Раздался телефонный звонок.
— Это папа! Папа звонит! — обрадовалась Иринка.
Ляля взяла трубку, но звонил не Миша, а с работы. Пришла верстка с вопросами, снимать их нужно срочно. Завтра с утра.
— Сейчас буду соображать, — со вздохом сказала Ляля, — я же договорилась, что завтра не приду, буду сидеть с дочкой.
— Звоните тогда главреду и передоговаривайтесь, — сказала секретарша и повесила трубку.
— Главреду звонить не буду, — произнесла вслух Ляля, прекрасно понимая, что никто, кроме нее, вопросов не снимет и она больше всех заинтересована, чтобы книга вышла в срок. Книга была сложная, и чем скорее она сбудет ее с рук, тем будет всем лучше. — Мне завтра на работу нужно, — сказала она Иришке, — куда ж мне тебя девать?

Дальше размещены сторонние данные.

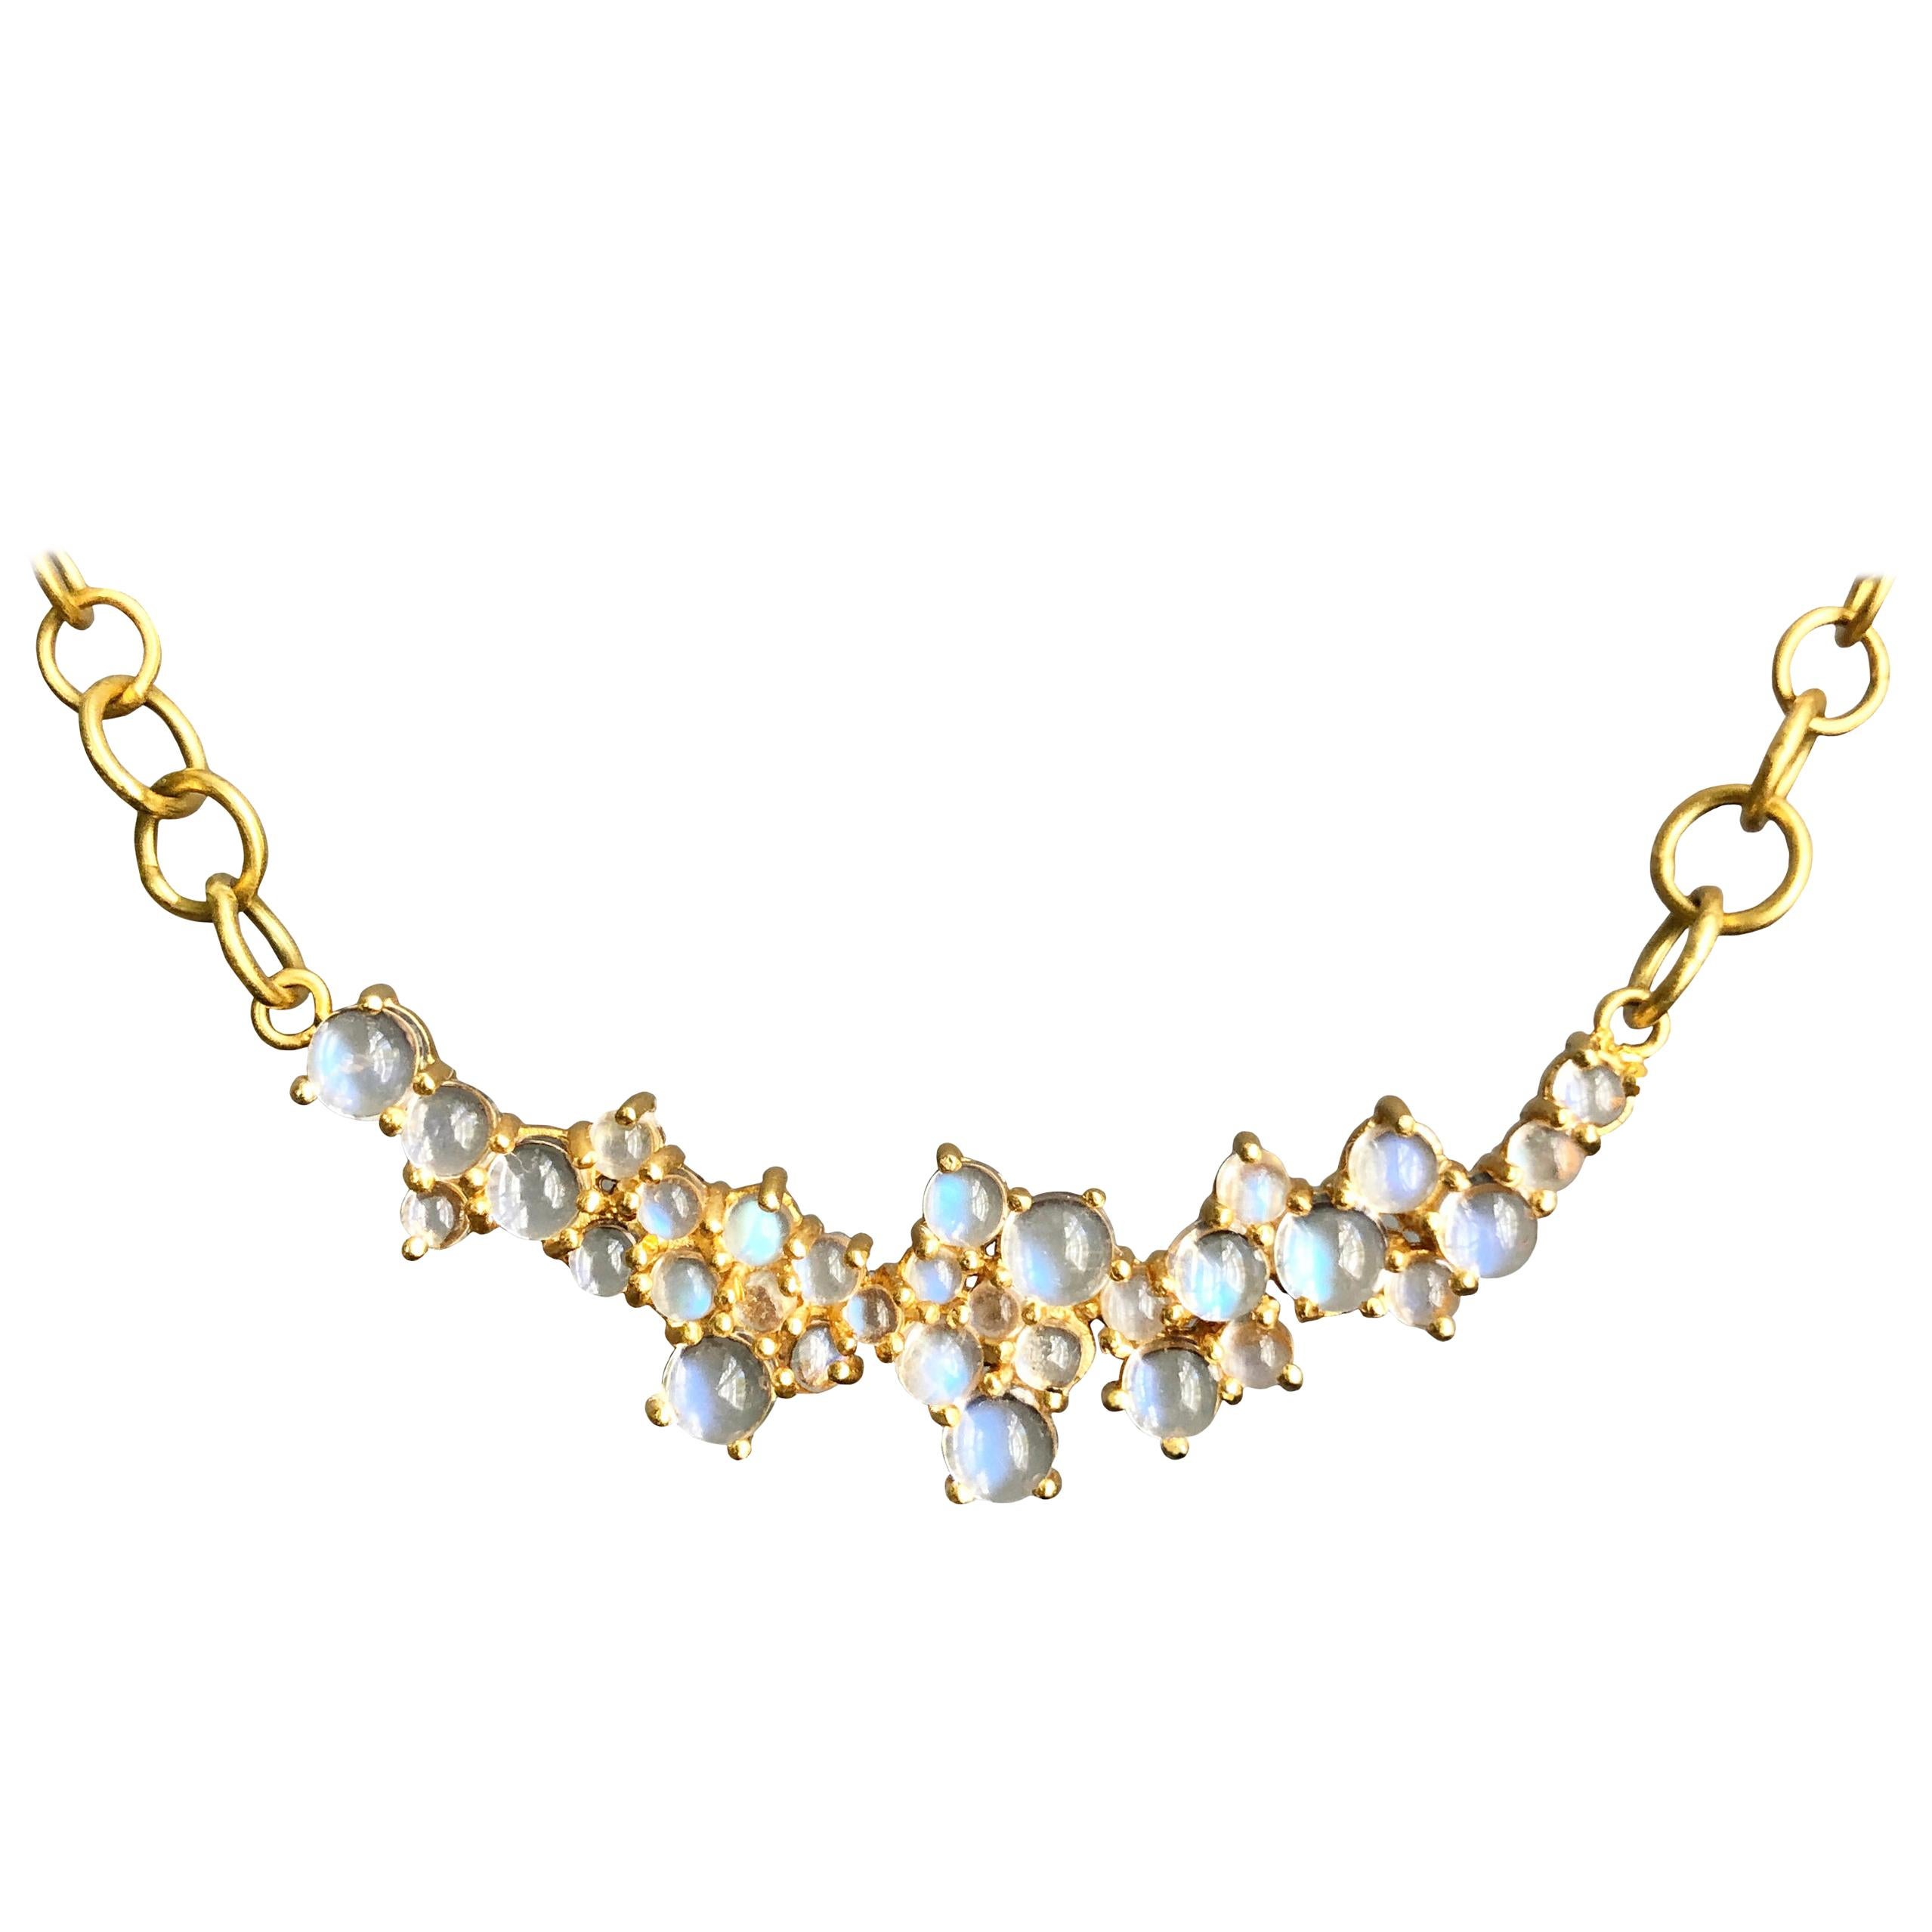 3.79 Carat Rainbow Moonstone Gold Necklace by Lauren Harper
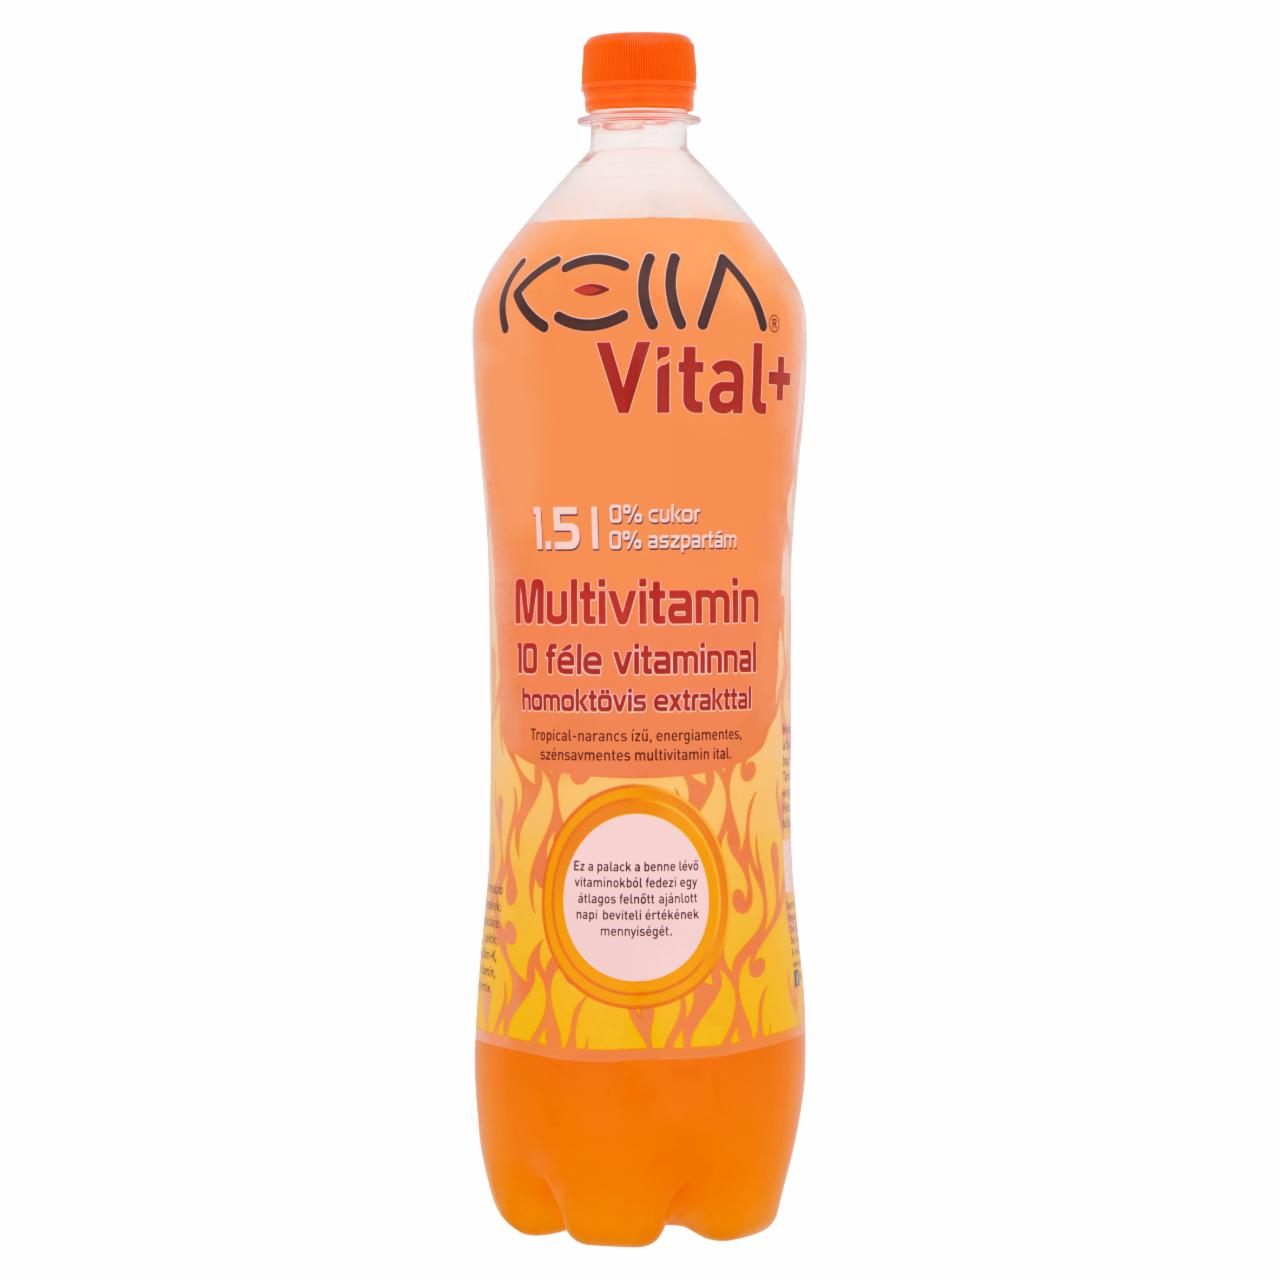 Képek - Kella Vital+ tropical-narancs ízű, energiamentes, szénsavmentes multivitamin ital 1,5 l

— Никуда меня не девай, — солидно заявила Иринка. — Ты папе позвони, пусть приедет, мы с Мартином играть будем.
— Хорошая мысль! — согласилась Ляля. — Если свободен, пусть приедет. Я вернусь не поздно. Сниму вопросы и приду. Сейчас мы папе и позвоним.
Миша был дома.
— Я только собрался тебе звонить, — сказал он. — Как Иринка?
— Молодцом. Соскучилась. Хочет тебя видеть. Ты не мог бы завтра с ней посидеть, меня на работу вызывают.
— Посижу. Я тоже без нее очень соскучился. Во сколько приезжать?
— В одиннадцать.
— О'кей. Давай дочку.
Лялю опять царапнуло, что скучает он только по дочке, что даже из вежливости не скажет «без вас».
Папа с дочкой ворковали по телефону, а Ляля тем временем опять убрала коридор, ванную и снова заманила туда гуся, закрыв дверь на щеколду.
— Живи там, — сказала она. — А нам спать пора!
— В субботу мы с папой в цирк пойдем! — объявила Иринка, повесив трубку. — А завтра я ему Мартина покажу, у нас тоже представление будет, как в цирке!
— Отлично! Я за тебя рада. Снимай-ка свои одежки, я их в машину запихну. А вот когда мы с тобой мыться будем, ума не приложу, гусь-то в ванной!
— И не надо мыться, — басовито рассудила крутолобая Иришка. — Я же чистая, как снежок, как гусек!
Гусь гоготнул, словно бы соглашаясь с ней, потом еще раз сказал га-га-га, желая спокойной ночи,
Ляля сама раздела дочку, уложила ее в кровать, и они долго еще потихоньку разговаривали и смеялись. А когда Иришка уснула, Ляля все сидела на краешке кровати и держала маленькую мякенькую ручку. На душе у нее было тихо и спокойно: Иринка дома, какое счастье!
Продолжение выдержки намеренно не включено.